Bien qu’il ne restât plus qu’un seul membre des forces spéciales, Tancrède savait que celui-ci allait lui porter le coup de grâce. Il n’aurait jamais le temps de retirer son épée et aucun blindage ne le protégeait plus. Il tourna la tête avec lenteur, s’attendant à tomber face à face avec un canon T-farad. Tout ce qu’il vit, ce fut un homme plaqué au sol et transpercé par une lance atamide, s’agitant comme un insecte épinglé sur une planche. Un guerrier s’était précipité au secours de Tancrède et avait porté un coup fatal à son dernier adversaire.
L’Atamide posa un pied griffu sur le plastron du commando à terre, puis retira la lance d’un geste sec, arrachant à l’homme un cri de douleur. Mais celui-ci ne souffrit pas plus longtemps, puisque l’Ata lui plongea la lame en plein cœur. Les mouvements spasmodiques s’arrêtèrent.
Étourdi par le violent effort qu’il avait dû fournir pour ce combat – de quelques minutes à peine, mais d’une rare intensité –, le soldat normand s’affala par terre, hors d’haleine. Il ne remarqua ni le souffle d’air brûlant provoqué par le décollage de l’IT-jet, ni le sifflement strident des répulseurs magnétiques qui permettaient à l’appareil de rester stable à si faible altitude. Trente secondes plus tard, le jet était si loin que le son qu’il produisait n’était presque plus audible. Seul l’écho de son décollage se propageait encore dans les vallées environnantes.
Le guerrier atamide aida Tancrède à se remettre debout. Son ventre l’élançait douloureusement, même si la blessure semblait superficielle. La sur-peau l’avait en partie protégé, mais si son coup d’épée n’avait pas détruit l’arme, il serait mort.
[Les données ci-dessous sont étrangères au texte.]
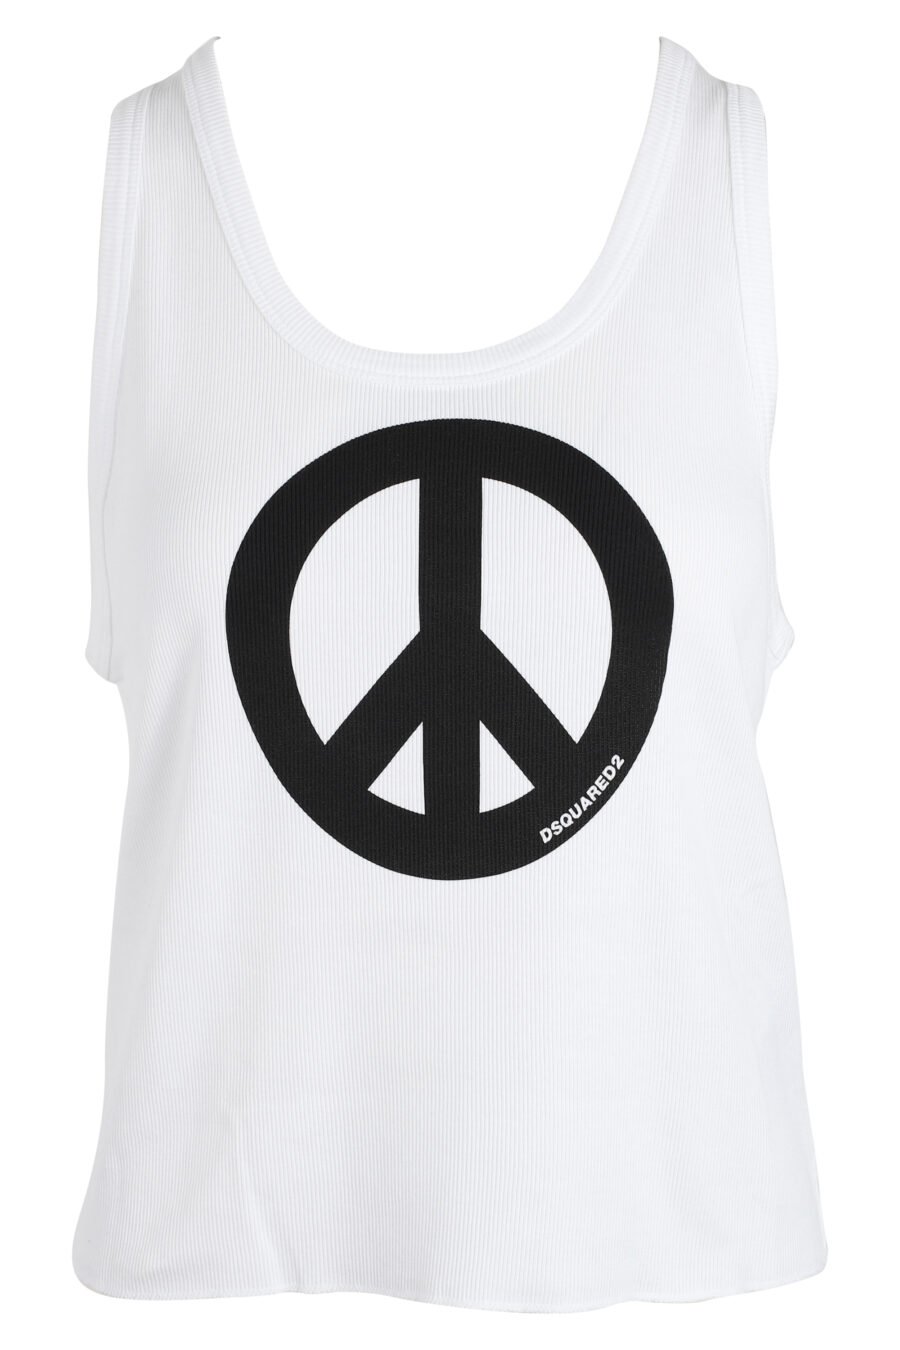 White tank top with peace logo - IMG 4859

Il rétracta son casque et put enfin éponger la sueur qui dégoulinait sur son front.
« Merci », dit-il simplement au guerrier, autant pour l’avoir relevé que pour lui avoir sauvé la vie.
Bien que celui-ci ne puisse comprendre le mot, il parut parfaitement en saisir le sens. Tancrède observa alors le plateau et constata que le combat avait été aussi sanglant que bref. Les commandos étaient étendus dans diverses positions, transpercés par des lances ou abattus par Tancrède. Un peu sur la droite, le corps de Raymond de St. Gilles s’étalait face contre terre, bras et jambes en croix, une lance plantée entre les deux omoplates. Par sa symétrie, la position semblait si peu naturelle qu’on aurait juré que le comte feignait d’être mort. Pourtant, Tancrède constata qu’il ne respirait plus. C’en était fini de l’un des ultras les plus acharnés de l’ECM.